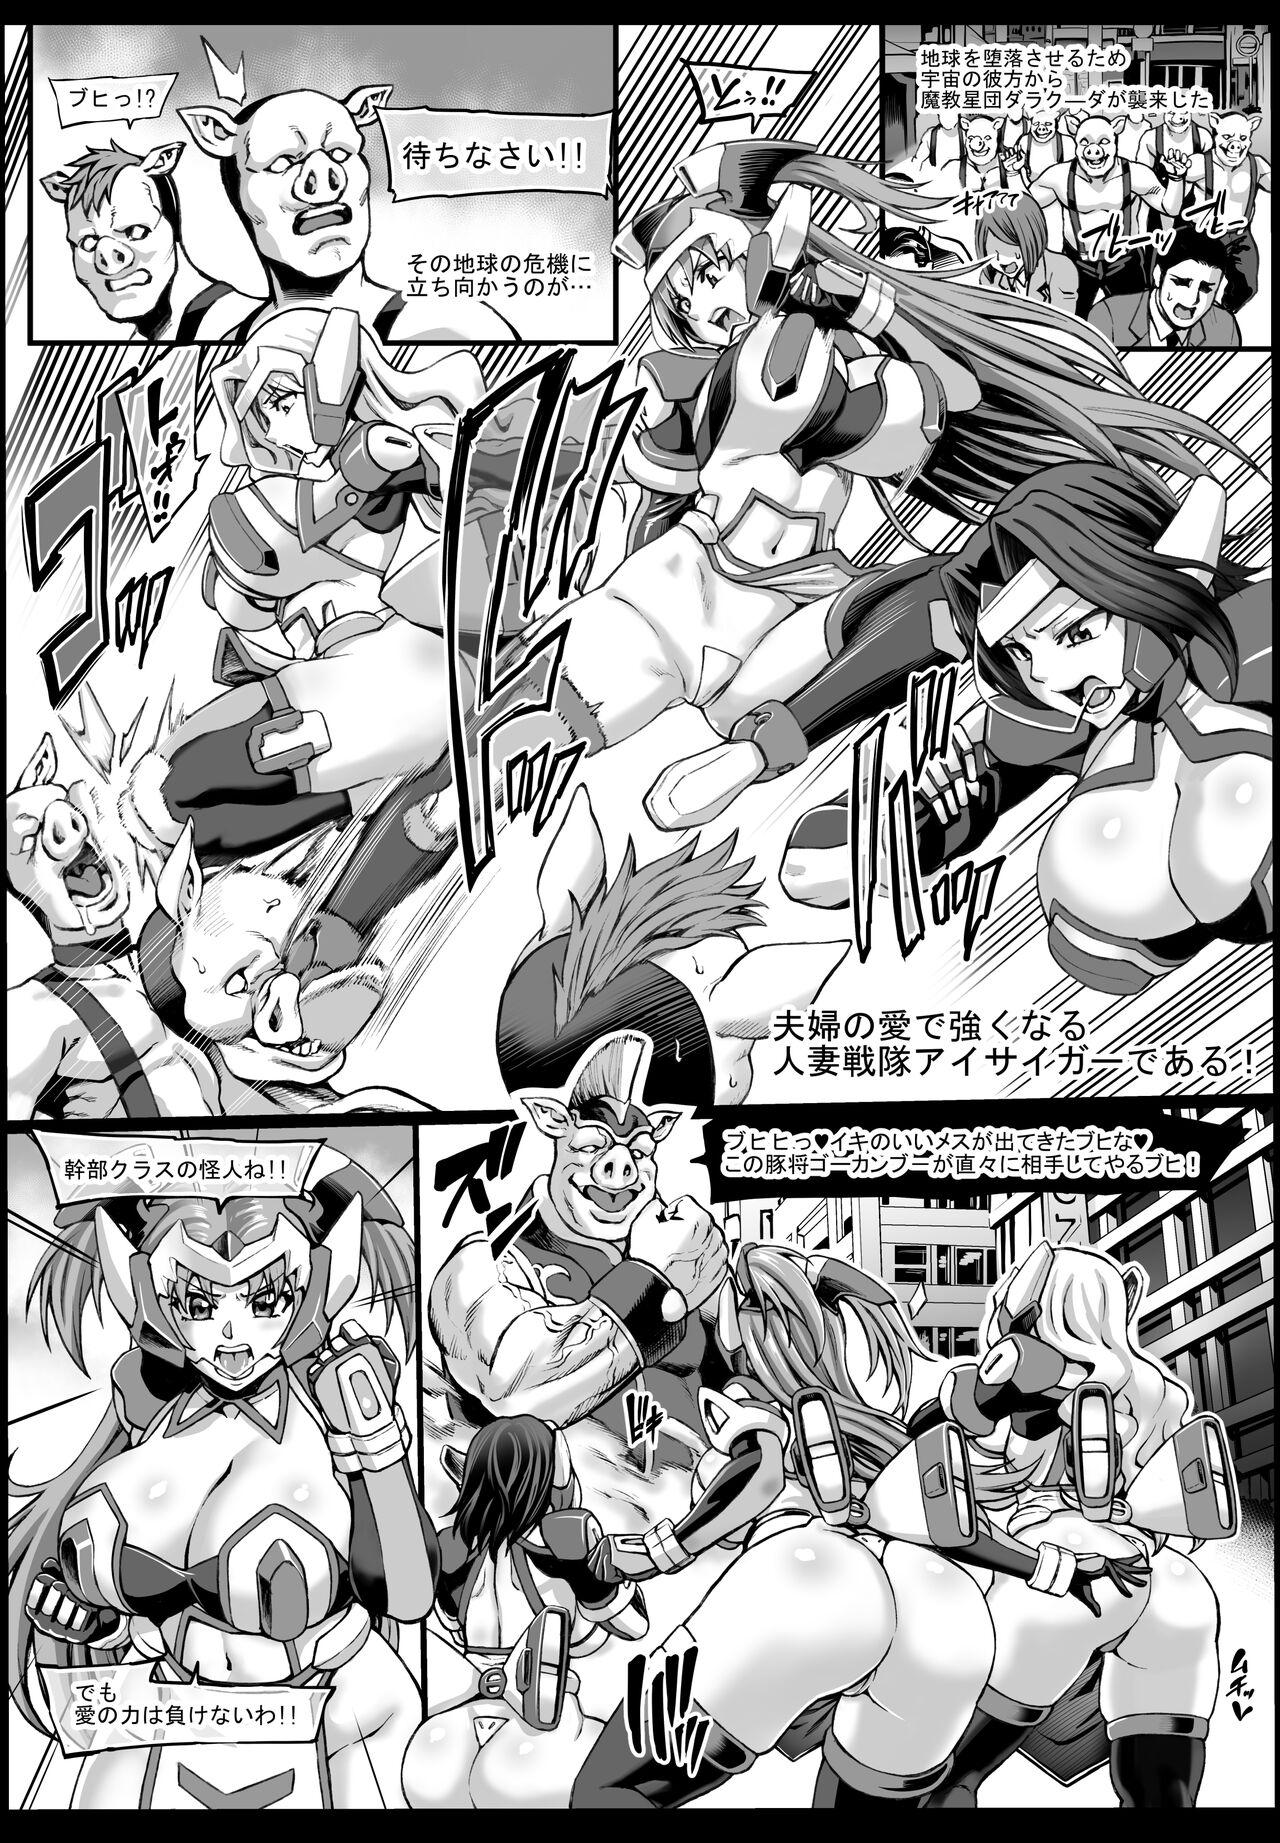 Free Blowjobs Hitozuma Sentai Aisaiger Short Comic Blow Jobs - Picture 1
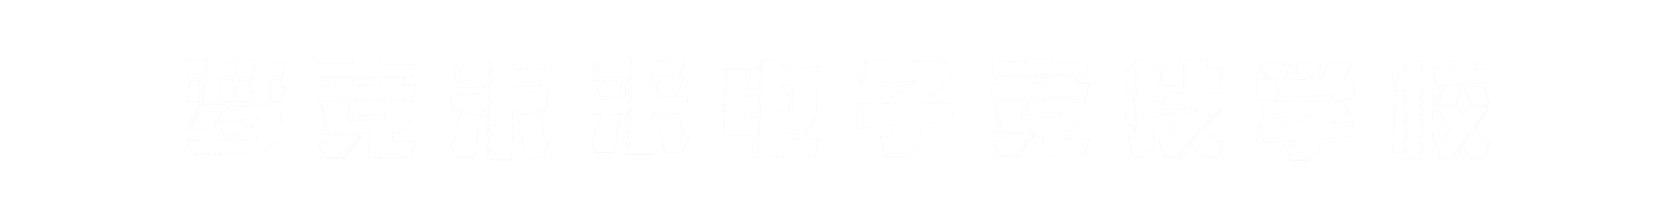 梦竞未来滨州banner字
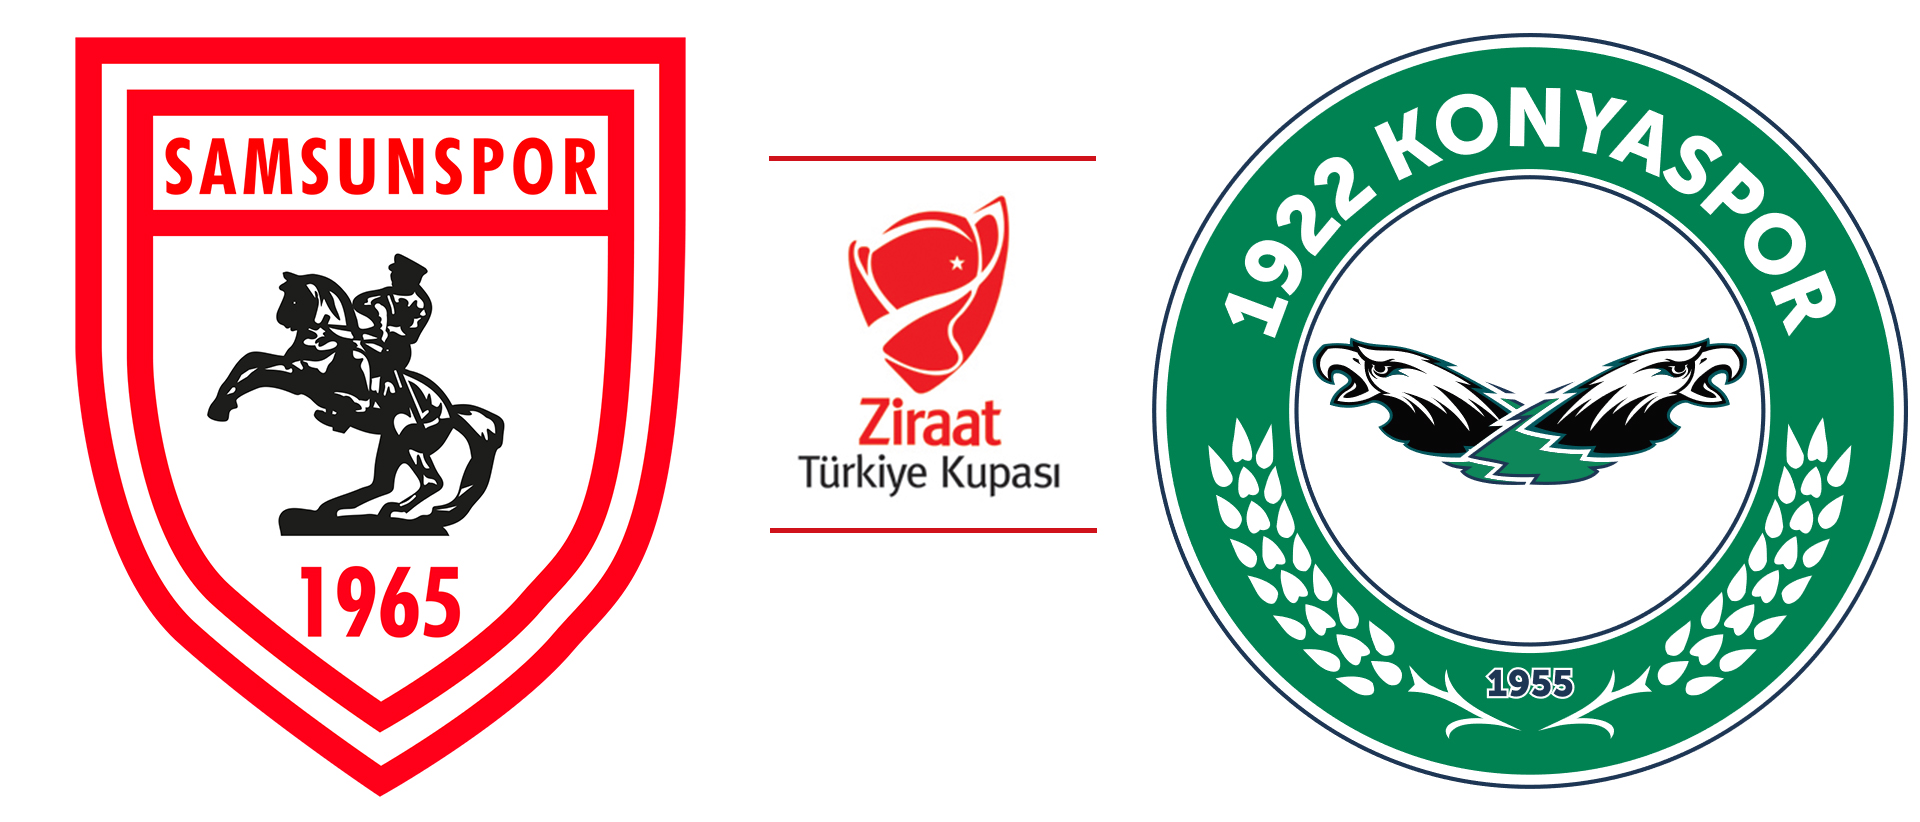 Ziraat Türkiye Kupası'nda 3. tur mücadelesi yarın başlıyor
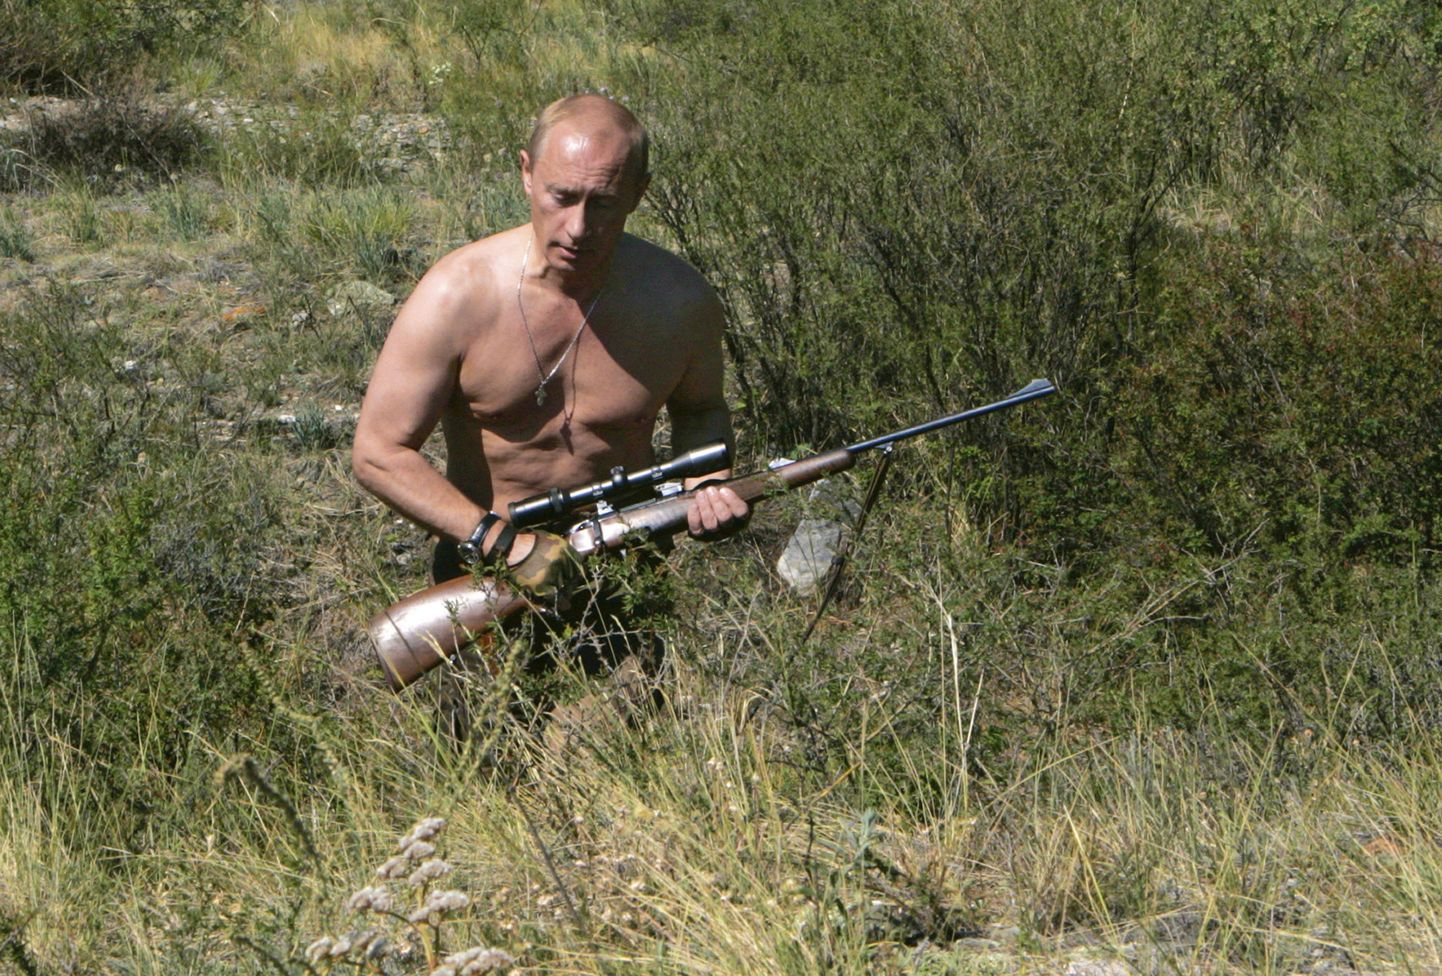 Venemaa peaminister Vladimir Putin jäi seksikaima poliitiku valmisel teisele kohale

● ● ● ●

Lines from the one with "Ziraat Türkiye Kupası'nda" through the final line of the listing above: copy them exactly, both ends included, and omit every picture.

 Ziraat Türkiye Kupası'nda 3. tur mücadelesi yarın başlıyor
 Venemaa peaminister Vladimir Putin jäi seksikaima poliitiku valmisel teisele kohale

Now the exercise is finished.